I'm going to replace the stat, and gasket, clean it all up. the impeller was changed about a year ago. I had a good stream of water before I pulled the head.


----------



## spinfisher (Oct 17, 2010)

crazymanme2 said:


> If there's no scoring I'd take the motor apart check the clearances & if your lucky you might be able to get away with honing & a new set of rings.When a motor gets hot the first thing to go is the rings.They loose the spring to make them seal against the cylinder walls.I wouldn't spend no money until you take it apart & see what you got.
> And the comment(is common with the johnsons)what is meant by that :?:


 

The comment was from a friend of my who said he's had to change his head gasket 3 times over the years that he had owned a johnson. In the Delta here in Ca. we run into a low water weeds and though this is the first time it's happen to me, it's not the first time that I been out and someone stats clogg. I'll know better next time from his experience.

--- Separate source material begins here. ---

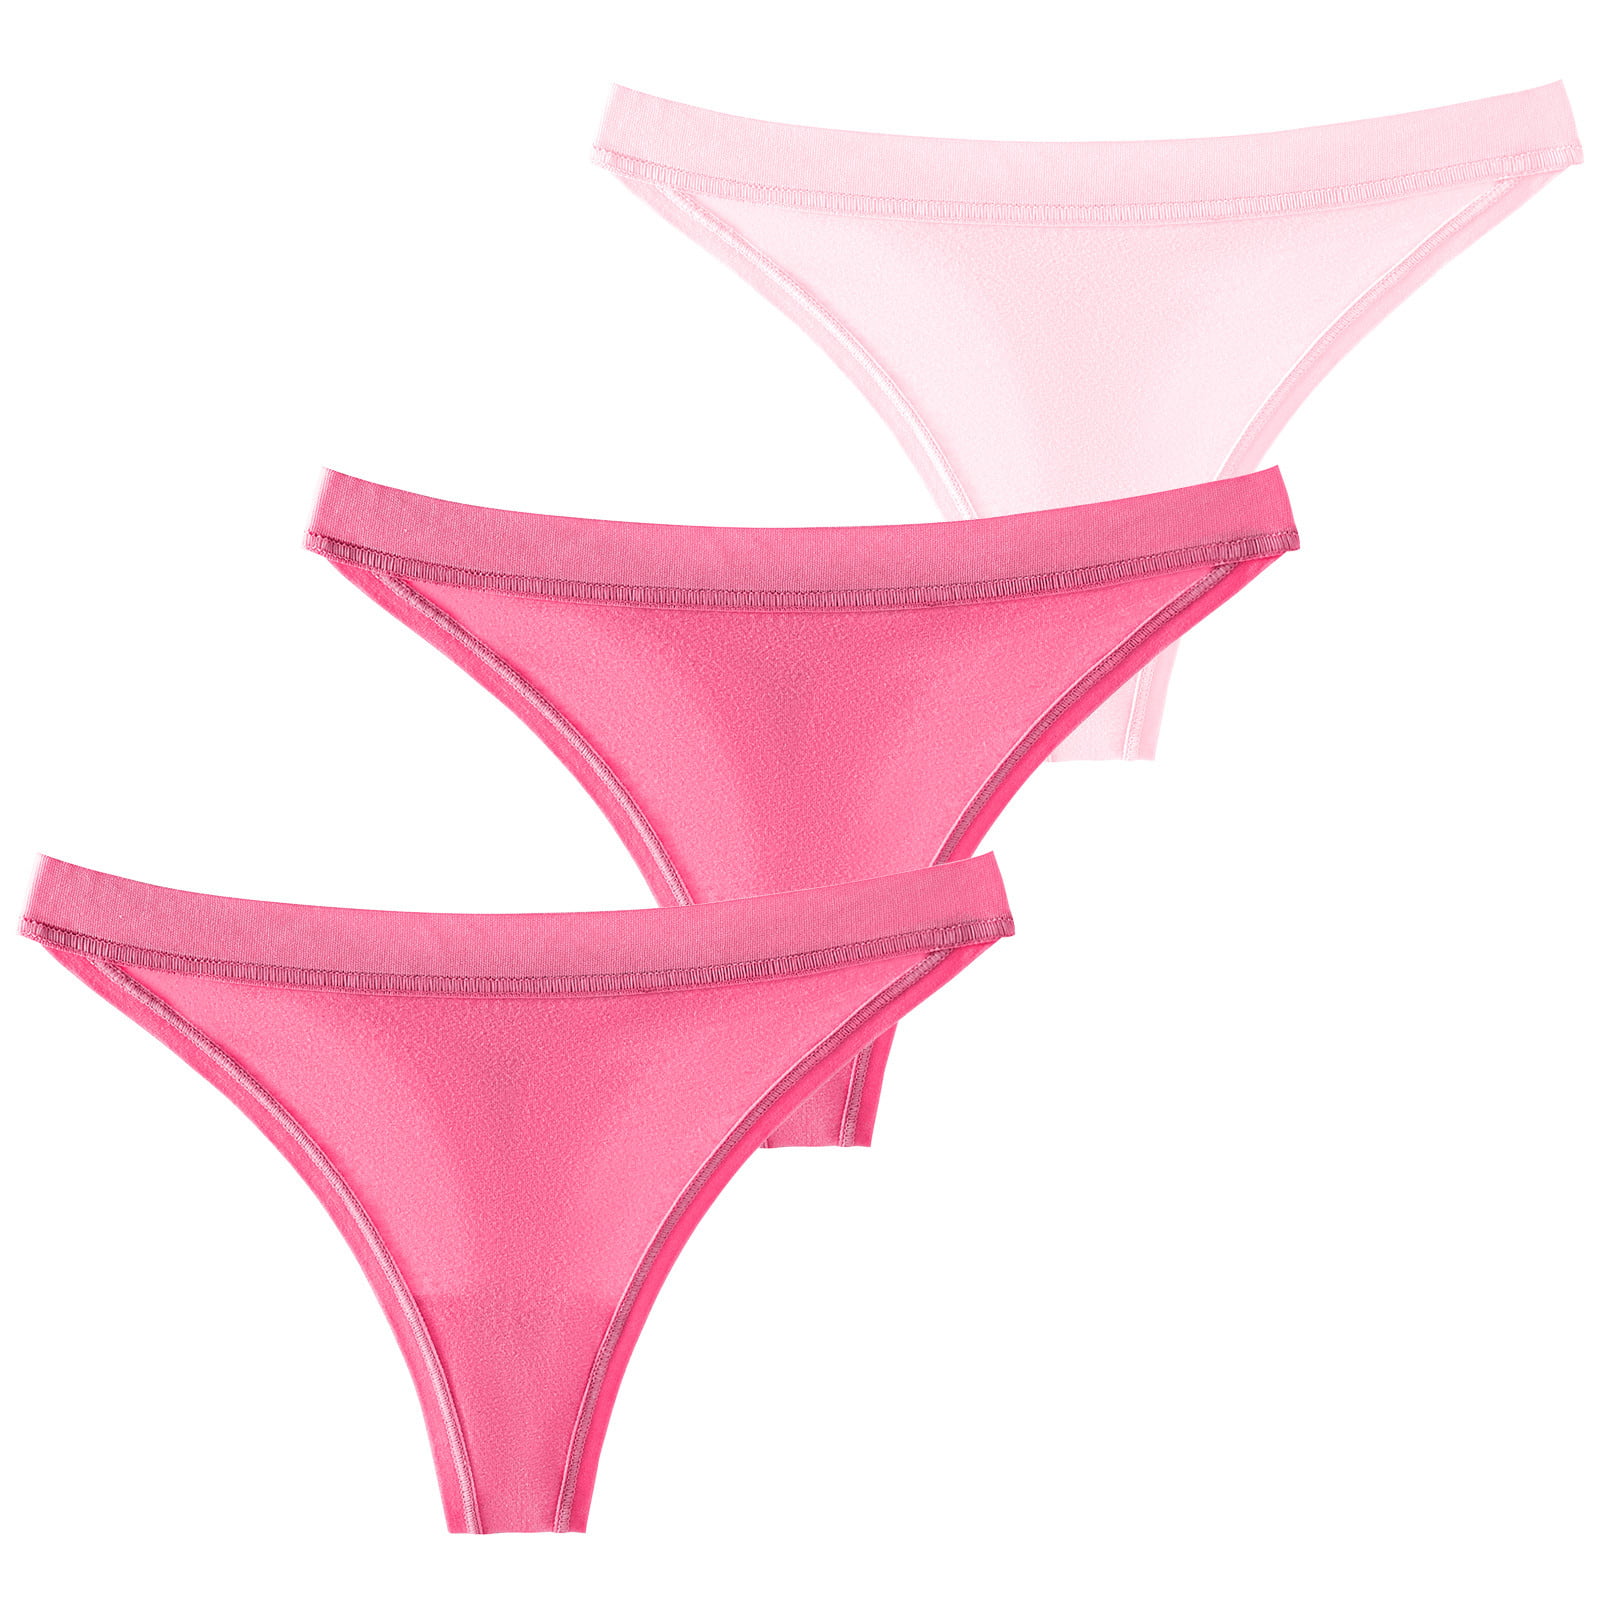 Underwear Women Under Patchwork Color Panties Bikini Solid Briefs Knickers  Valentines Gift 3 Pieces 
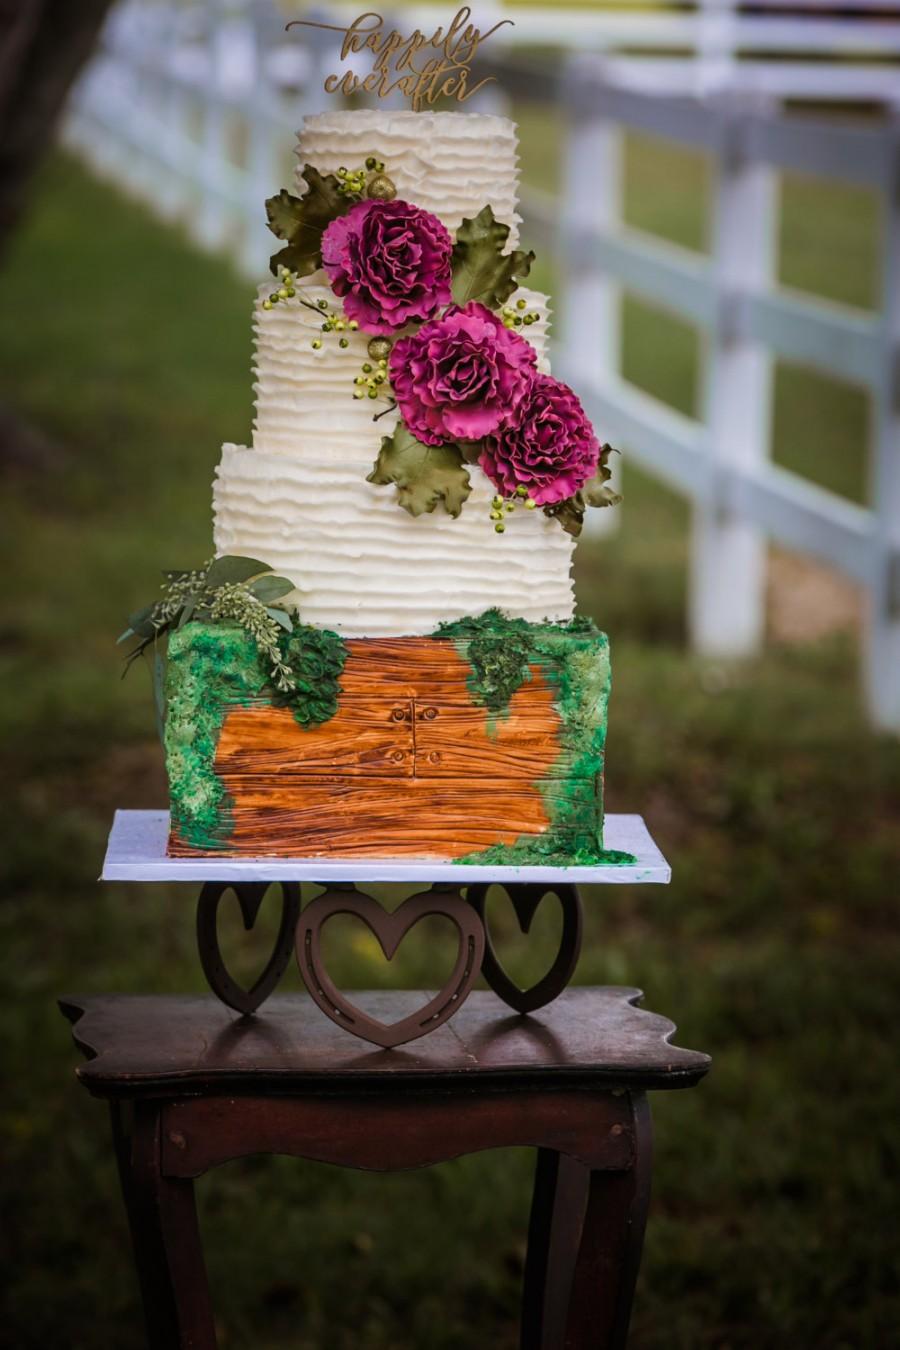 زفاف - Wedding cake stand, heavy duty to hold a multi-tier cake stand, western equestrian decor

The comment wasn't to knock Johnson, just passing along info.


----------



## spinfisher (Oct 25, 2010)

well parts showed up on wed. and on the motor friday. started it up today, 3 rd pull! started and warmed it up. i adjusted the carb about a half a turn and now she idols great. one question, i've noticed water bleeding from the inside of the cowling and i can't get a good location on it. i did tourge the head bolts and the water cover but i don't see any water there. i have a good stream at the pee hole any ideals?? thanks spin


----------